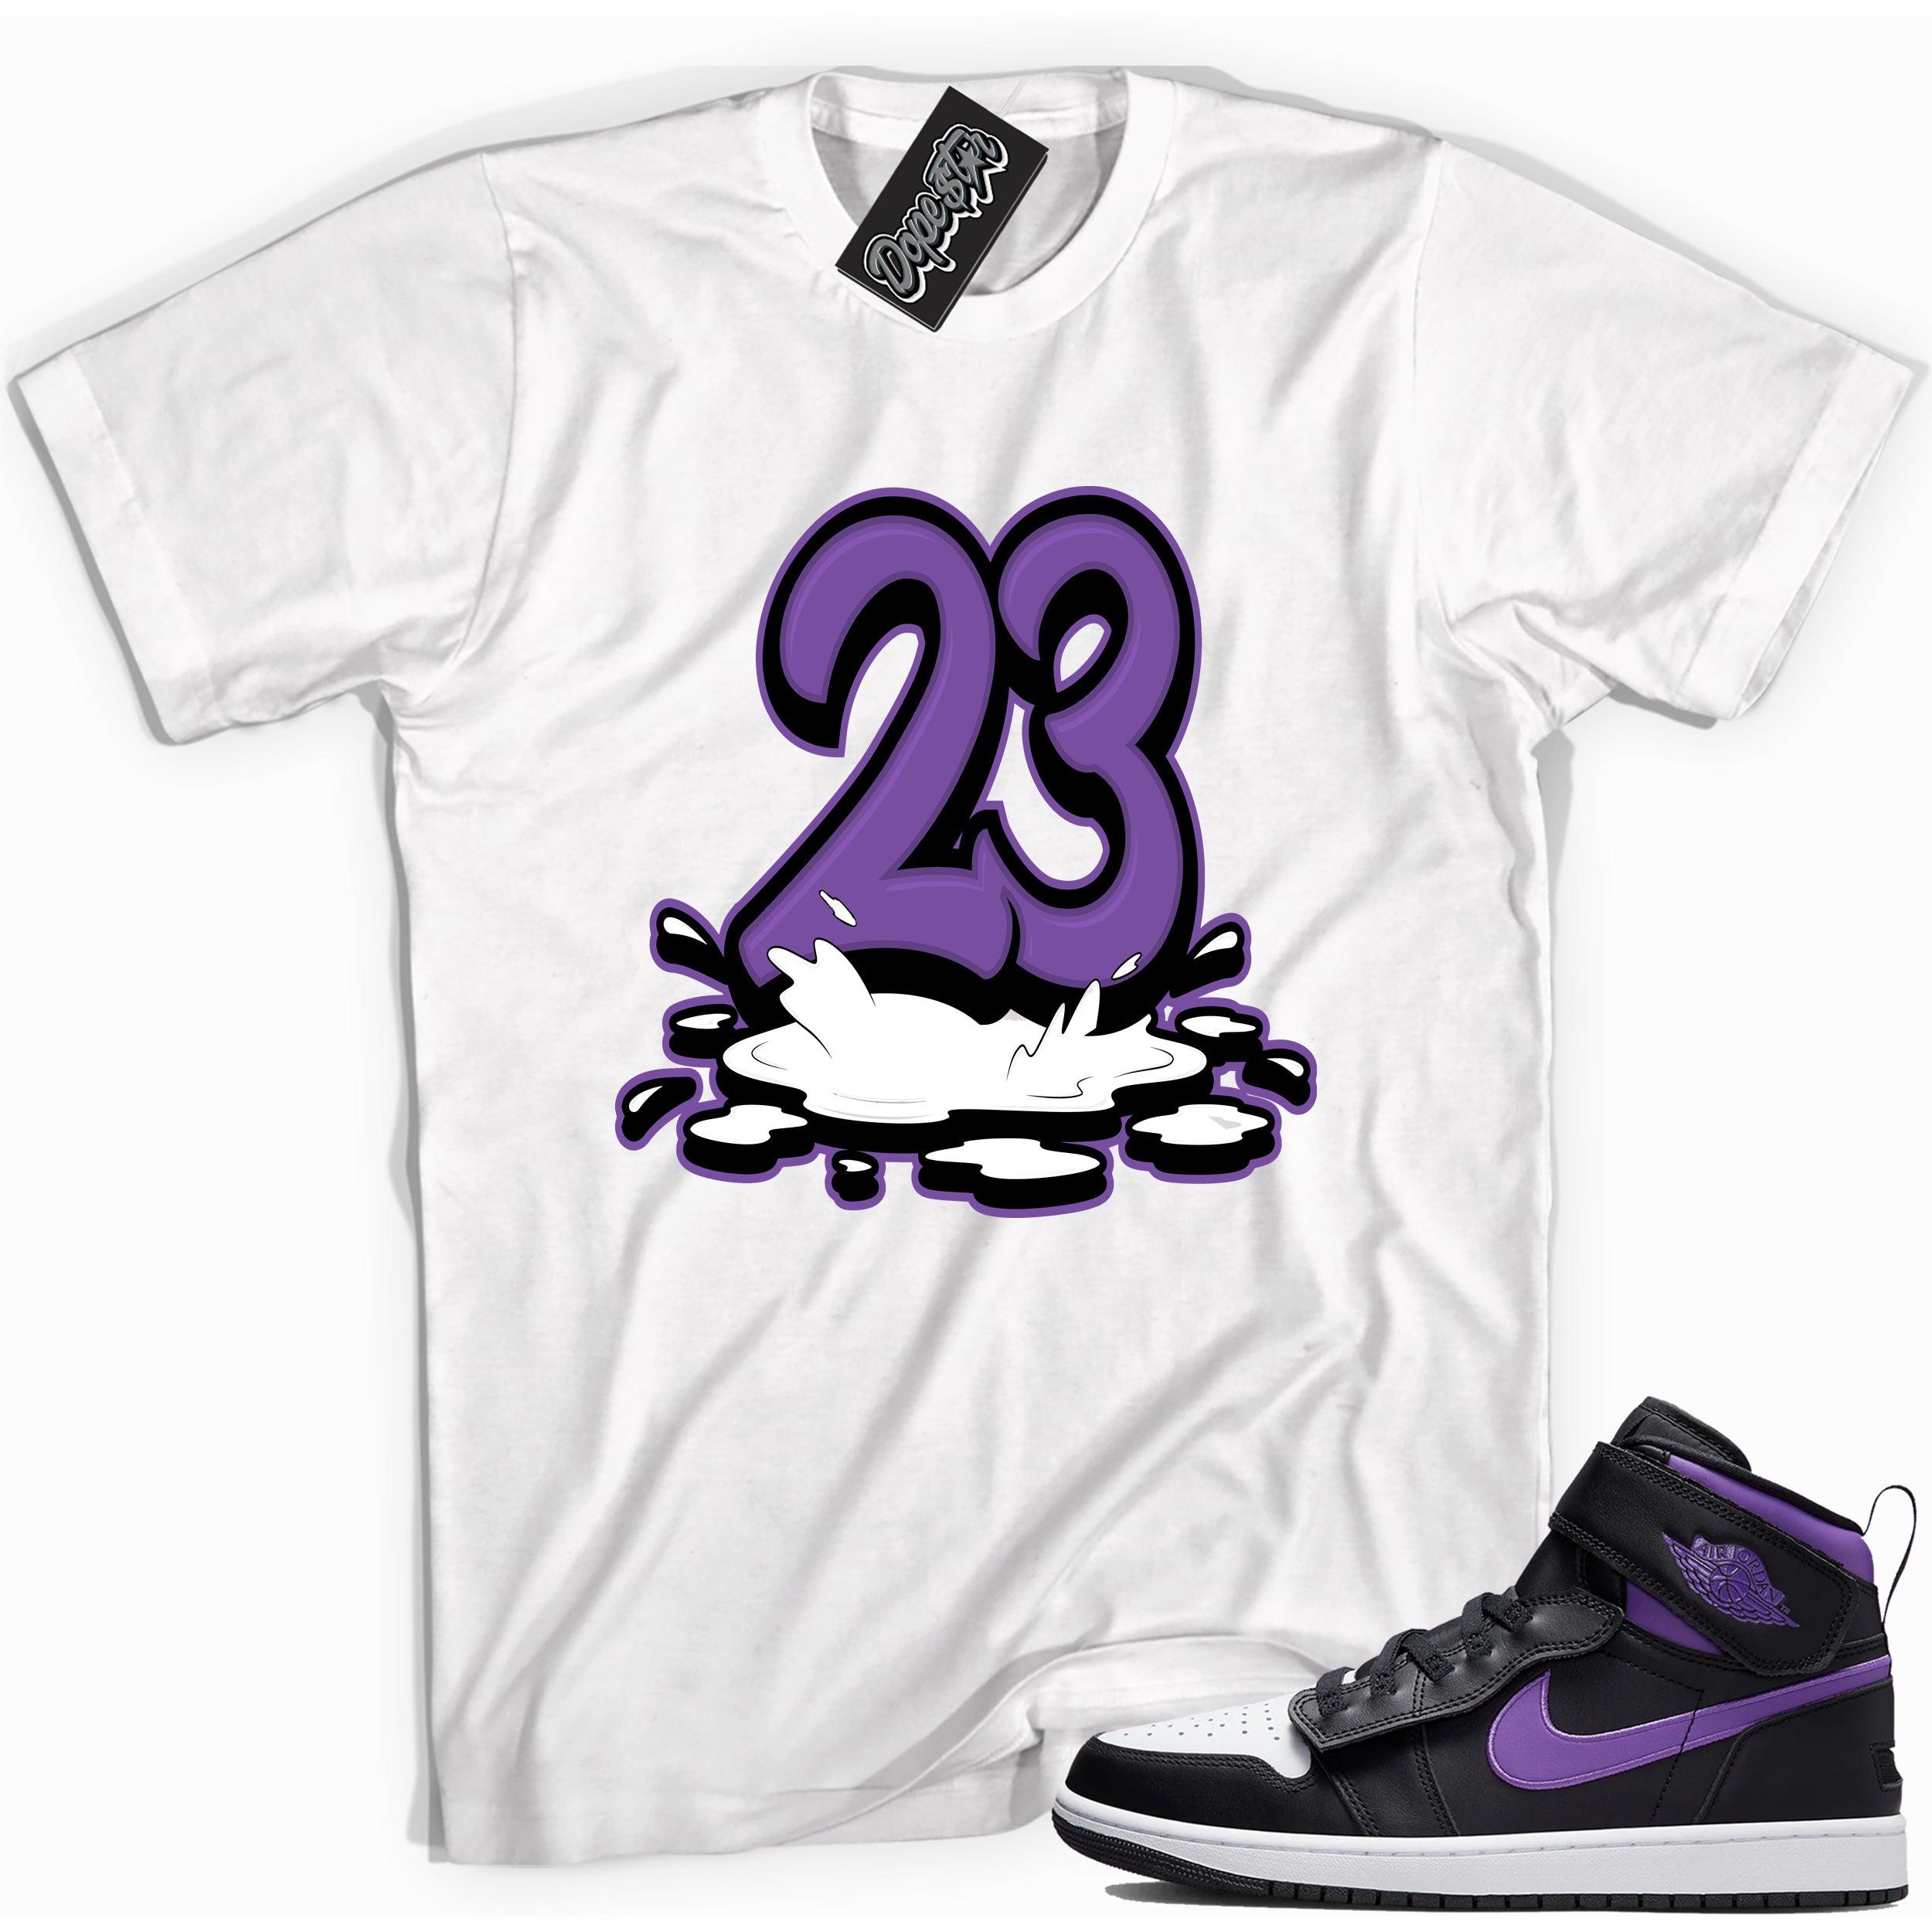 Number 23 Melting Shirt AJ 1 High FlyEase Black Bright Violet photo 
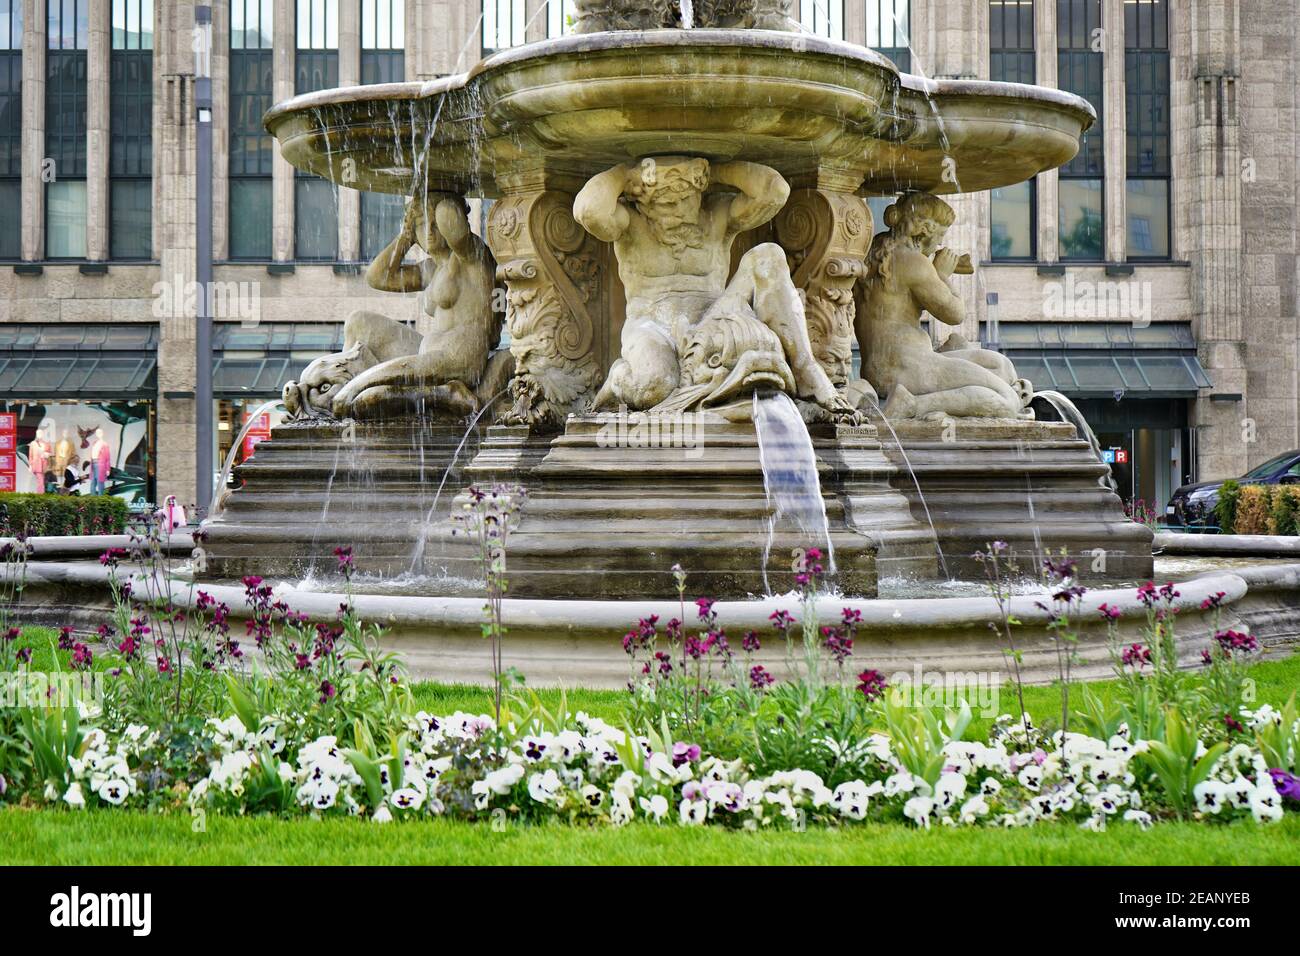 Le néo-baroque 'Schalenbrunnen' (fontaine de bol) à Corneliusplatz, érigé en 1882 par le sculpteur Leo Müsch. Banque D'Images
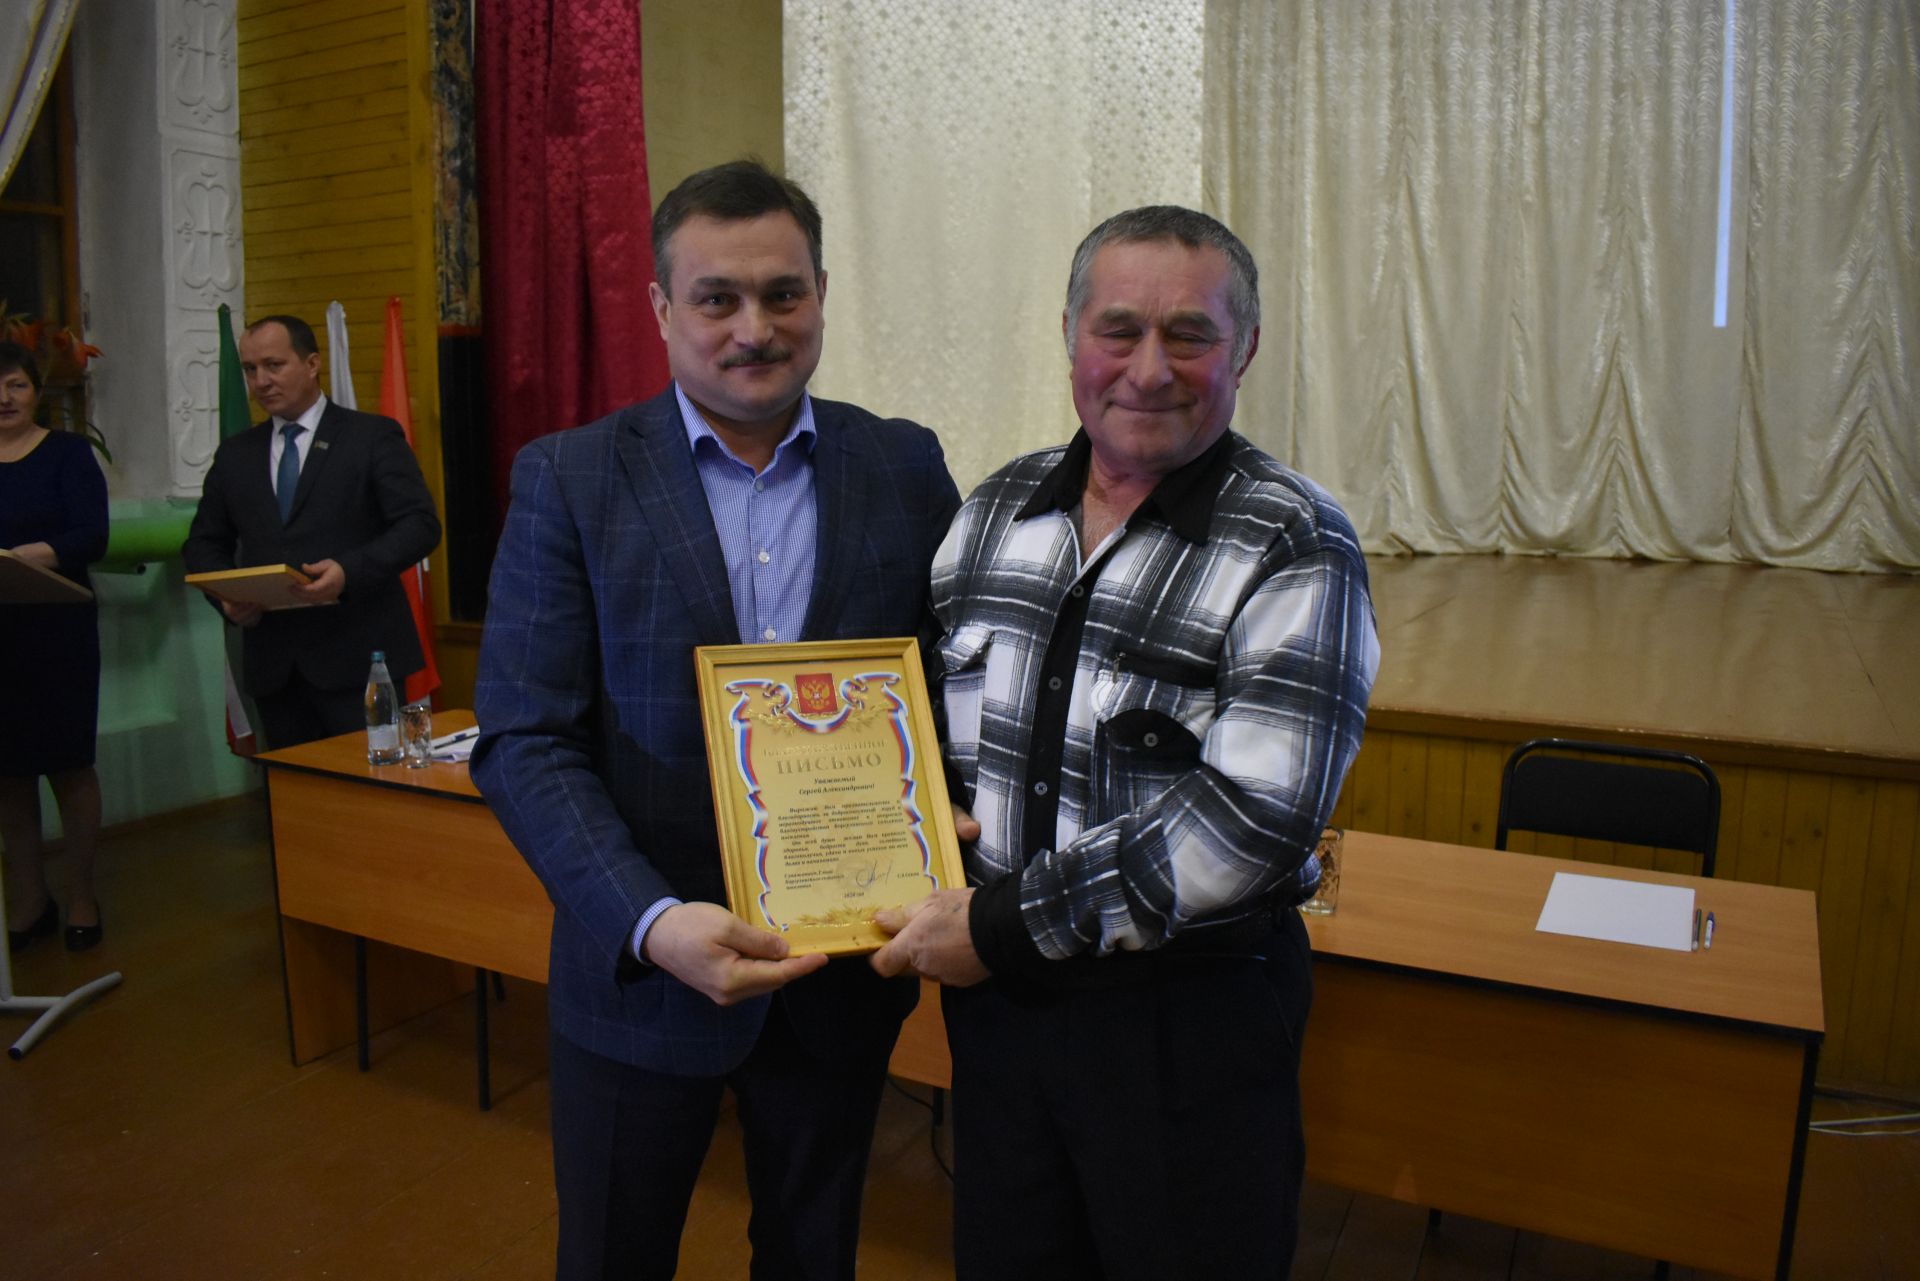 Глава района Марат Зиатдинов рекомендовал коргузинцам брать обязательства, которые реально можно выполнить
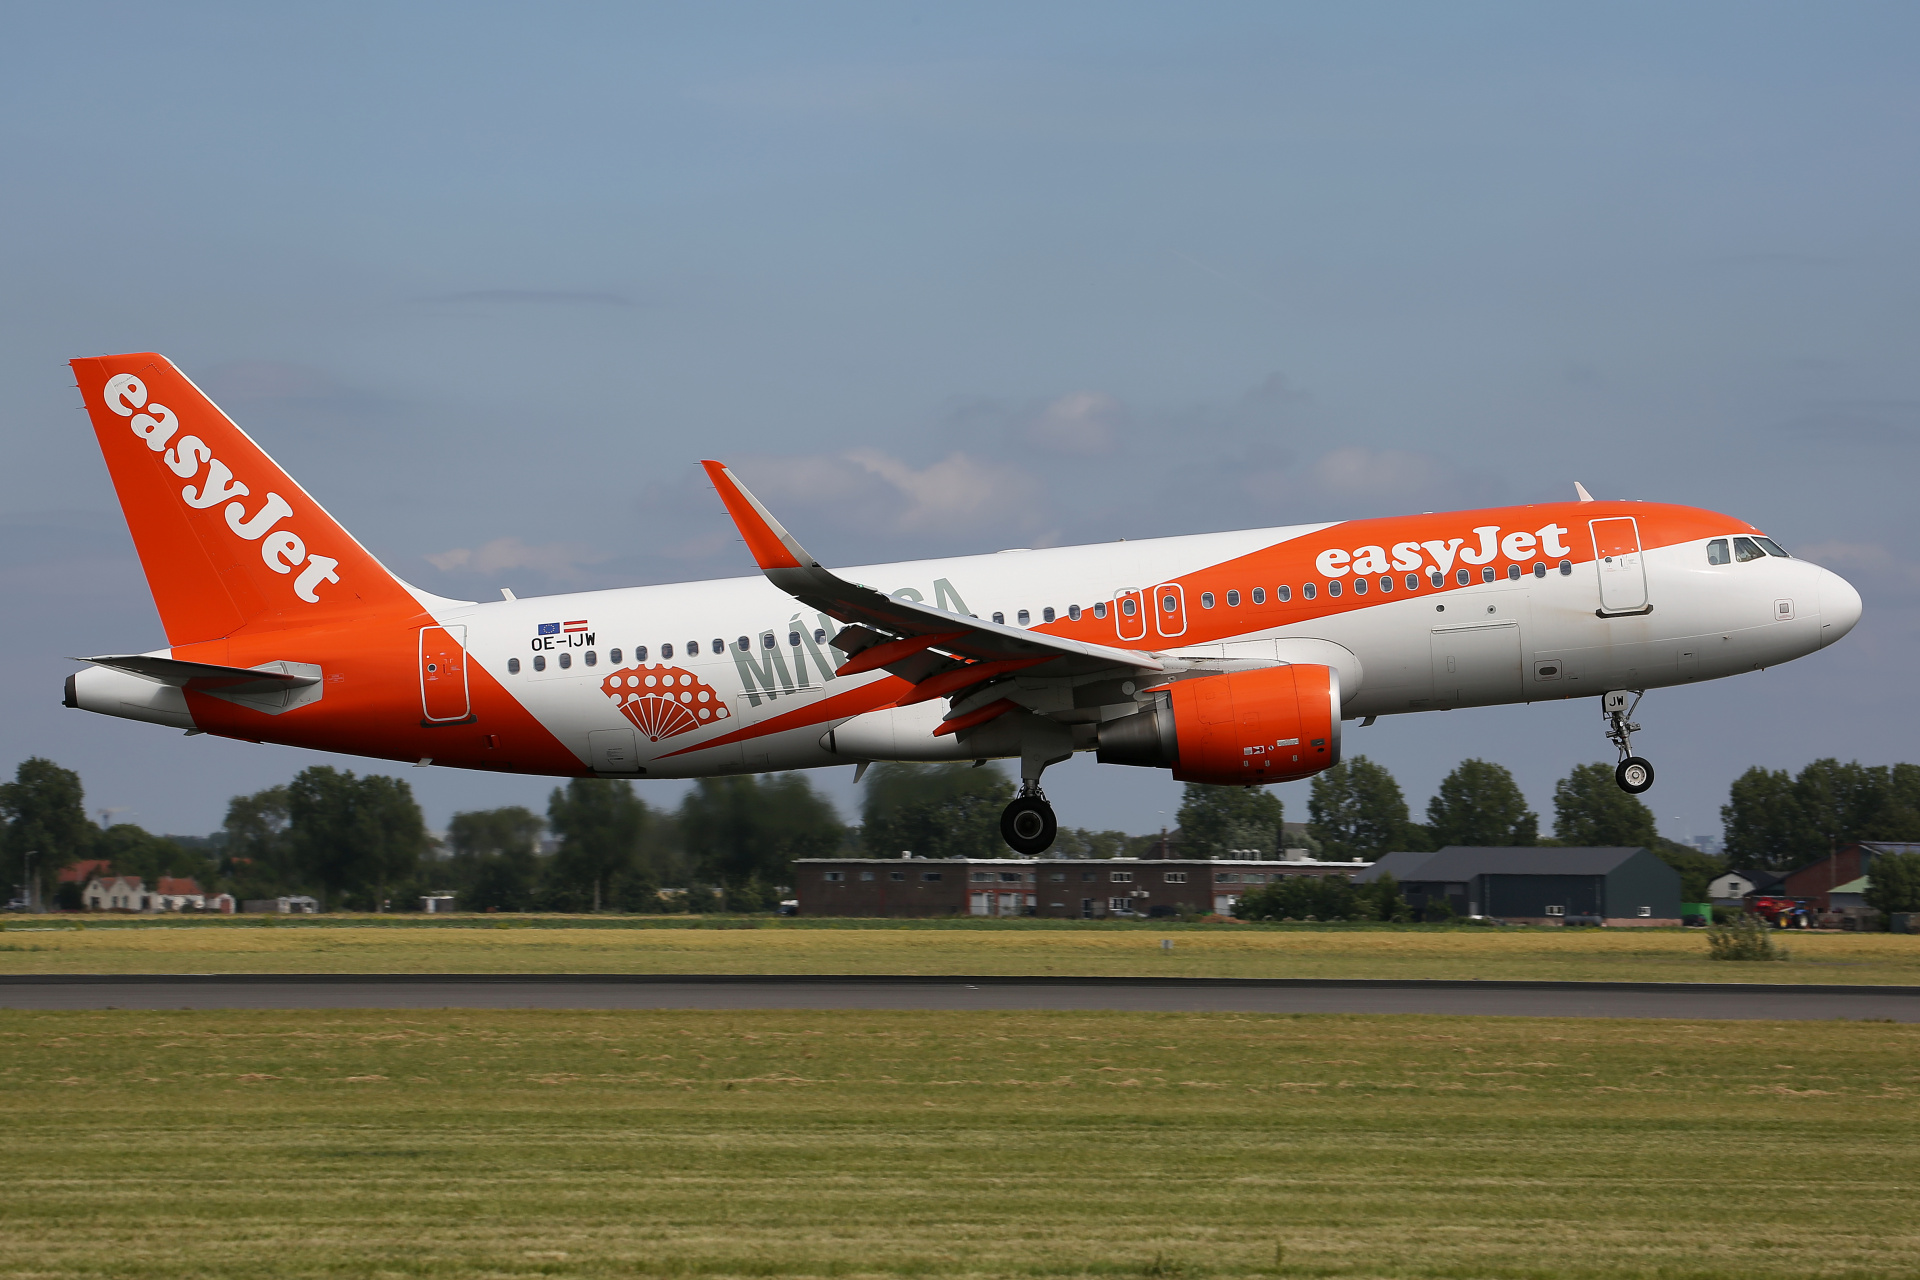 OE-IJW (malowanie Malaga) (Samoloty » Spotting na Schiphol » Airbus A320-200 » EasyJet)

= = =

Each line above must be set down exactly, though no picture should be carried over.

*Your response*:
 Number 23 Melting Shirt AJ 1 High FlyEase Black Bright Violet photo 
 Le néo-baroque 'Schalenbrunnen' (fontaine de bol) à Corneliusplatz, érigé en 1882 par le sculpteur Leo Müsch. Banque D'Images
 Глава района Марат Зиатдинов рекомендовал коргузинцам брать обязательства, которые реально можно выполнить
 OE-IJW (malowanie Malaga) (Samoloty » Spotting na Schiphol » Airbus A320-200 » EasyJet)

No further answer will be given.